The function $ f : \mathbb C^{2\times1} \rightarrow \mathbb C^{2\times1}$ is a conjugate linear transformation and has a coordinate matrix $ <\mathbf E^{*}, f(\mathbf E)>=E_2$ in respect to standard basis $ \mathbf E$ of $\mathbb C^{2\times1}$. Further, a basis $B=(b_1, b_2)$ (of $\mathbb C^{2\times1}$) is given, with:
$$ b_1= \begin{pmatrix} 0\\ -i \\ \end{pmatrix} $$
$$ b_2= \begin{pmatrix} -i\\ 1+i \\ \end{pmatrix} $$
We are supposed to calculate the coordinate matrix of the function in respect to $B$ and to verify if a composite function $f\circ f=f^2$ is also a conjugate linear transformation, or a simple linear one?
I thought of multiplying the coordinate matrix of a function $f$ with itself in order to obtain a matrix of $f\circ f$ and then to multiply this what I got with a generic vector in $\mathbb C^{2\times1}$ such as: $$ b_2= \begin{pmatrix} a+bi\\ c+di \\ \end{pmatrix} $$
to see if i get the conjugate complex function, but I don't know if that's the answer I'm looking for.
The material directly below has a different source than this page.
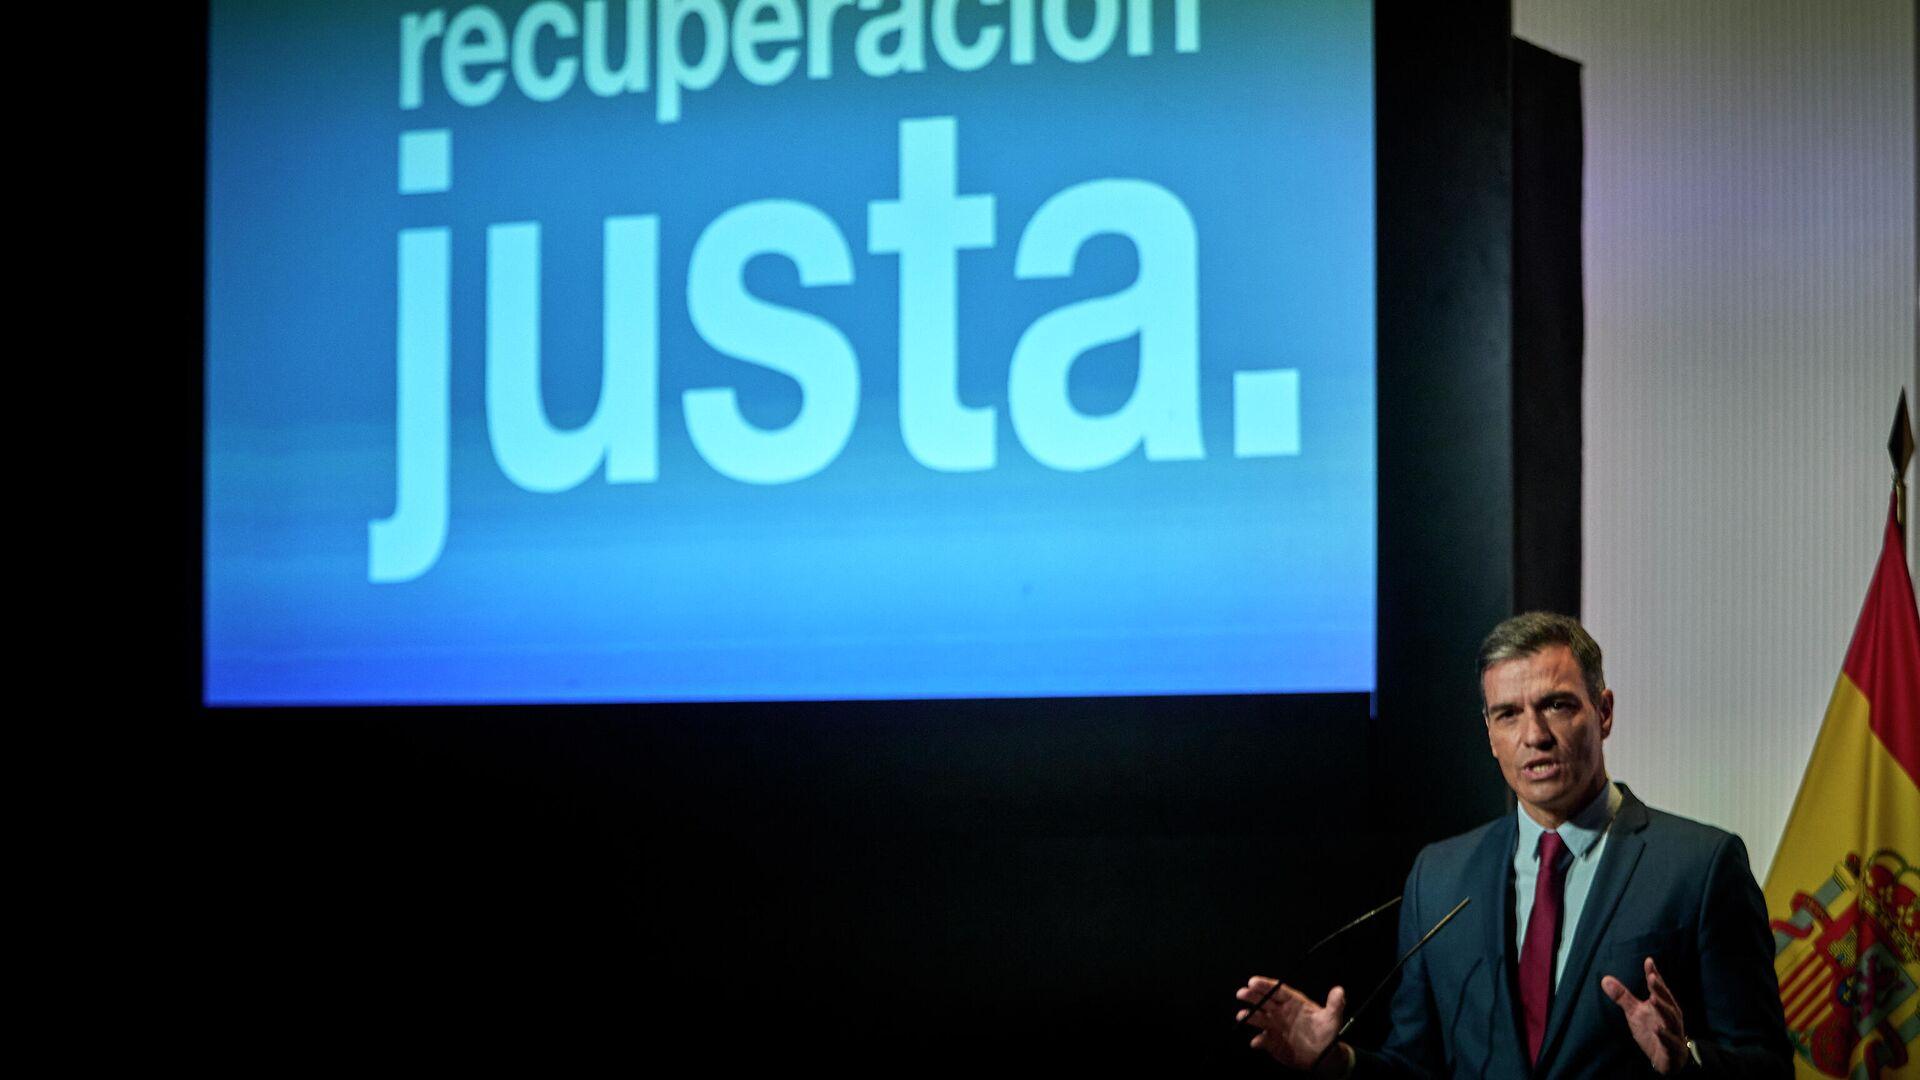 El presidente del Gobierno, Pedro Sánchez, interviene en un acto para abrir el nuevo curso político. - Sputnik Mundo, 1920, 01.09.2021
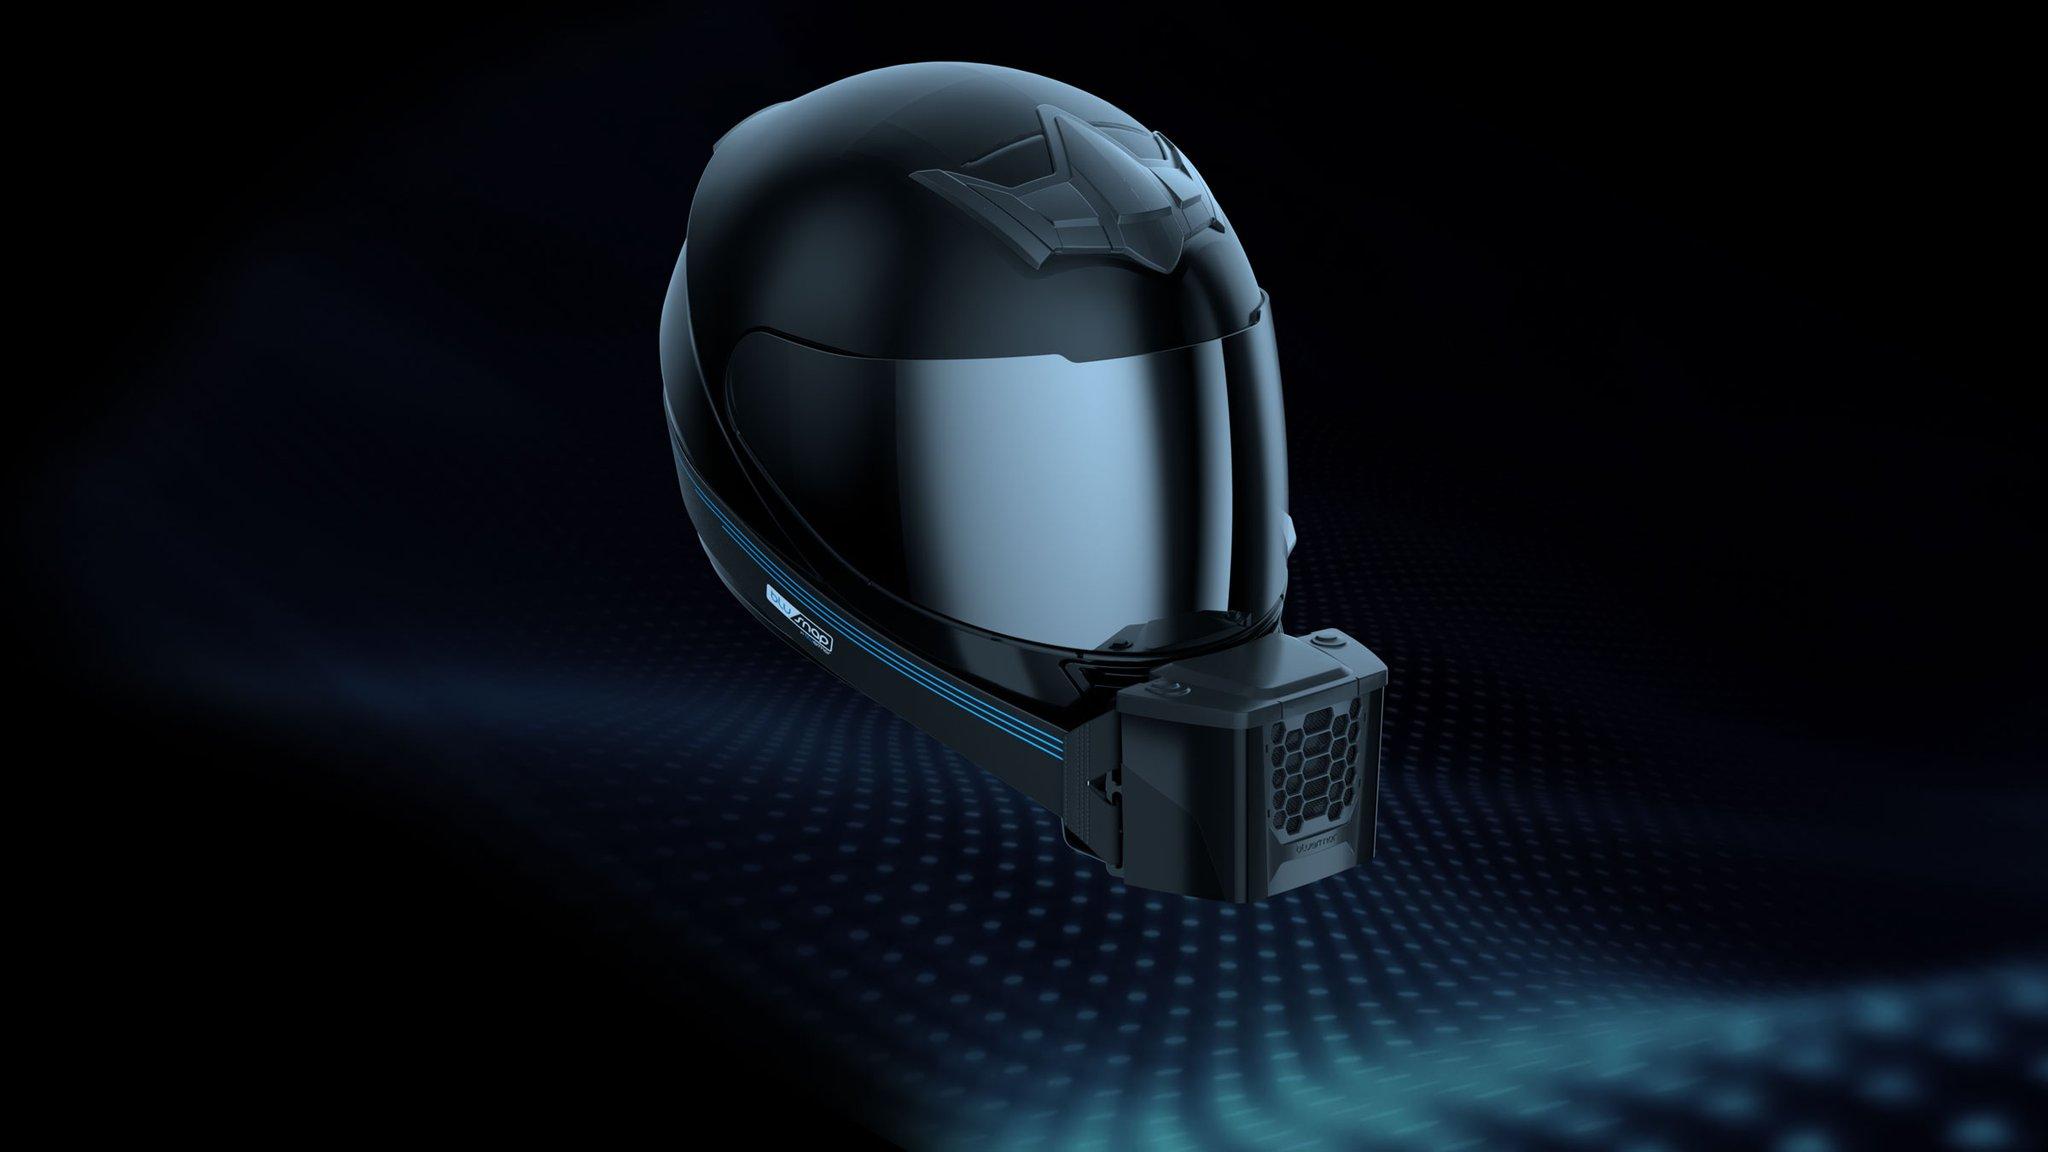 Cùng tìm hiểu về Blusnap: điều hòa nhiệt độ cho mũ bảo hiểm của bạn

You can check directly how the composition $f \circ f$ behaves. If $v \in \mathbb{C}^2$ and $a \in \mathbb{C}$ then
$$ (f \circ f)(a v) = f(f(av)) = f(\overline{a} f(v)) = \overline{\overline{a}} (f(f(v))) = a ((f \circ f)(v)). $$
This shows that the composition of an anti-linear map with itself is linear.